This paper gives us a new, mathematically strict way to interrogate AI. Instead of just saying, "The robot looked at the ears," they can say: "The robot looked at only these 50 pixels to be 100% sure it's a cat. If you remove any of those 50, it stops being a cat. If you add these other 20 pixels, it becomes more sure it's a cat."

It turns the "black box" of AI into a transparent puzzle where we can see exactly which pieces matter and why.

1. Problem Statement

Existing Explainable AI (XAI) methods for image classification generally fall into two categories, both with significant limitations:

Heuristic/Saliency Methods: Approaches like Grad-CAM, LIME, and Shapley values are computationally efficient and work on black-box models but lack formal rigor. They often produce explanations that are not mathematically guaranteed to be sufficient or necessary for the model's decision.
Logic-Based Methods: Approaches based on formal logic (e.g., Abductive explanations/Prime Implicants) offer rigorous guarantees of sufficiency and necessity. However, they rely on strict assumptions (such as model monotonicity or linearity) and require explicit access to the model's internal structure. These assumptions rarely hold for modern deep learning image classifiers, making logic-based methods computationally intractable or inapplicable.

The Gap: There is a lack of a framework that provides formal, rigorous guarantees (like logic-based methods) while remaining applicable to black-box, non-monotonic image classifiers (like deep neural networks).

2. Methodology

The authors propose a framework based on Actual Causality (specifically the modified Halpern-Pearl definition) to define and compute causal explanations for image classifiers.

A. Causal Modeling of Images

The authors model an image classifier $N$ and an input image $x$ as a depth-2 binary causal model $M_{N,x}$ :

Variables: Endogenous variables $\vec{V}$ correspond to pixels (where 1 = original value, 0 = masked). An output variable $O$ indicates if the classification remains unchanged.
Intervention: Masking pixels corresponds to setting variables to 0.
Context: The original image is a context where all variables are 1.

B. New Definitions of Explanations

The paper introduces a hierarchy of causal explanations, extending previous work (ReX) to include necessity, completeness, and confidence:

Sufficient Explanations: A minimal set of pixels that, when kept visible (others masked), is enough to trigger the same classification.
- Single-Context (SCSE): Works for the specific image context.
- Multi-Context (MCSE): Works across a set of contexts (partial maskings), equivalent to logic-based Abductive explanations.
Necessary Explanations (NE): A minimal set of pixels that, if removed (masked), causes the classification to change.
Complete Explanations (SCCE/MCCE): A subset of pixels that is both sufficient and necessary. Removing these pixels changes the class; keeping only them preserves the class.
$\delta$ -Confident Explanations: Introduces a confidence threshold. An explanation is $\delta$ $δ$ -confident if the model's confidence on the explanation is at least $\delta \times$ $δ \times$ (original confidence).
- 1-Complete Explanation: A complete explanation where the model's confidence matches the original image's confidence exactly.
Adjustment Pixels: Pixels that are neither strictly sufficient nor necessary but are required to adjust the model's confidence to match the original image (bridging the gap between a $\delta$ -complete and a 1-complete explanation).

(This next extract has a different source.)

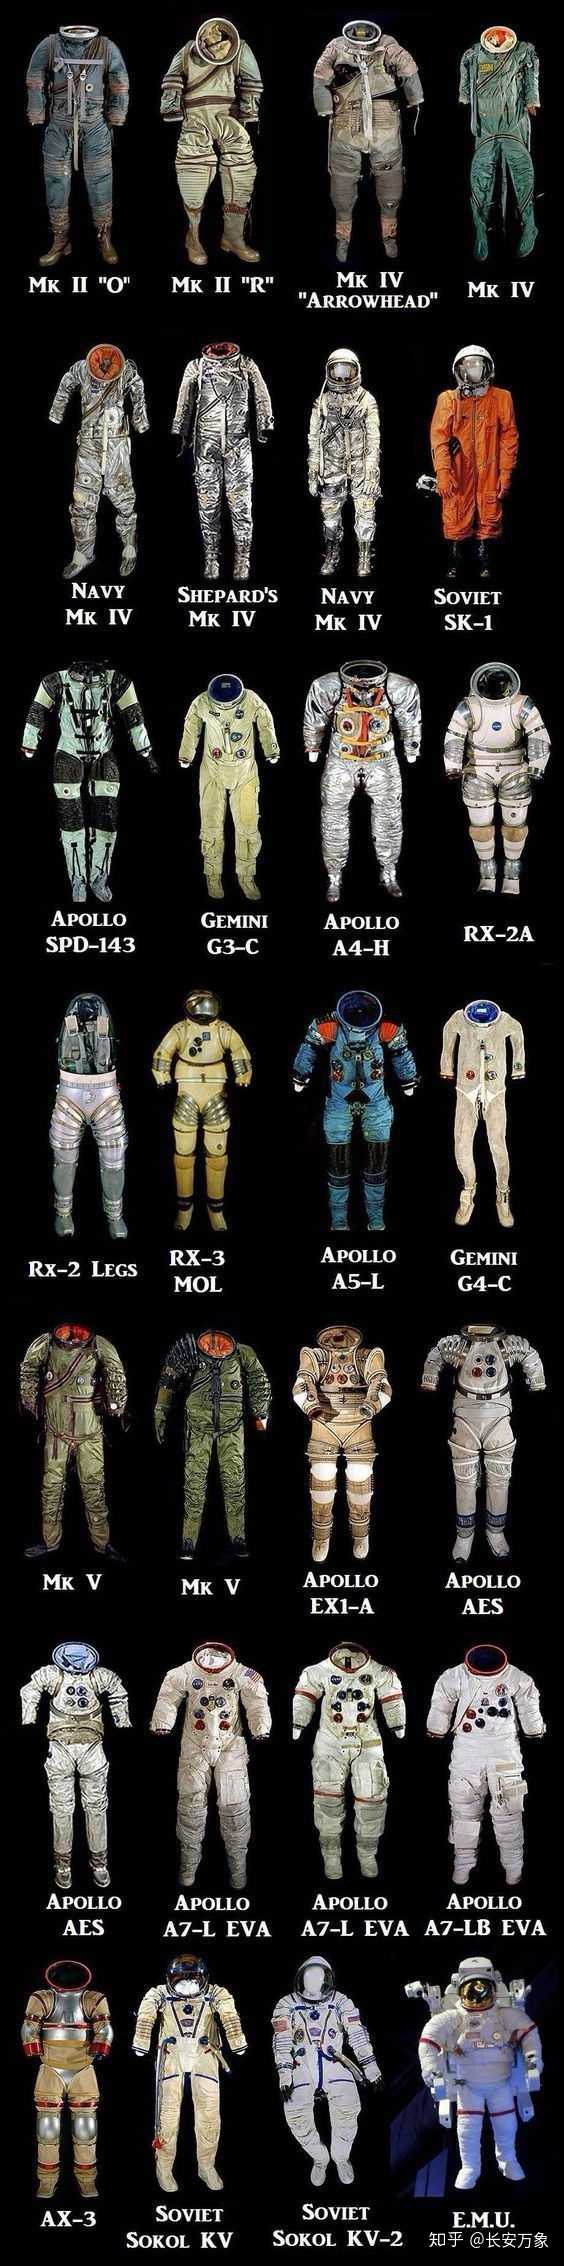 有谁了解太空探索技术公司(spacex)的宇航服?

C. Theoretical Equivalence

The authors prove that:

Multi-context sufficient explanations (MCSE) are formally equivalent to Abductive Explanations (Prime Implicants) in logic.
Causal explanations are Input Invariant, meaning they remain stable under transformations that do not affect the output (e.g., mean-shifting the first layer of a network), a property often violated by gradient-based saliency methods.
The decision problems for finding these explanations are co-NP-complete, justifying the need for approximation algorithms.

D. Algorithms

Since exact computation is intractable, the authors implement black-box approximation algorithms based on ReX (Responsibility-based Explanation):

Ranking: Pixels are ranked by "causal responsibility" (how much they influence the decision).
Greedy Search:
- For Sufficiency: Start with a blank image and add pixels (in order of responsibility) until the classification is restored with sufficient confidence.
- For Necessity/Completeness: Start with the full image and remove pixels until the classification changes.
- For 1-Completeness: Iteratively add "adjustment pixels" to a $\delta$ -complete explanation until the confidence matches the original image.
Black-Box Nature: The algorithms require no gradients, no model weights, and no knowledge of architecture. They only query the model's output.

3. Key Contributions

Formal Framework: Established a rigorous causal framework for image classification that unifies the formal guarantees of logic-based methods with the black-box applicability of heuristic methods.
New Explanation Types: Defined and formalized Complete, $\delta$ -Confident, and 1-Complete explanations, introducing the concept of Adjustment Pixels to analyze how confidence is modulated.
Theoretical Proofs: Proved the equivalence between causal MCSEs and logic-based Abductive explanations and established the co-NP-completeness of the problem.
Algorithm Implementation: Developed efficient, totally black-box algorithms to compute these explanations, integrated into the open-source tool ReX.
Empirical Analysis: Provided the first large-scale analysis of how different architectures (ResNet50, MobileNet, Swin Transformer) utilize pixels for sufficiency, necessity, and confidence.

4. Experimental Results

The authors evaluated their approach on three models (ResNet50, MobileNet, Swin Transformer) across three datasets (ImageNet-1K, PascalVOC, ECSSD).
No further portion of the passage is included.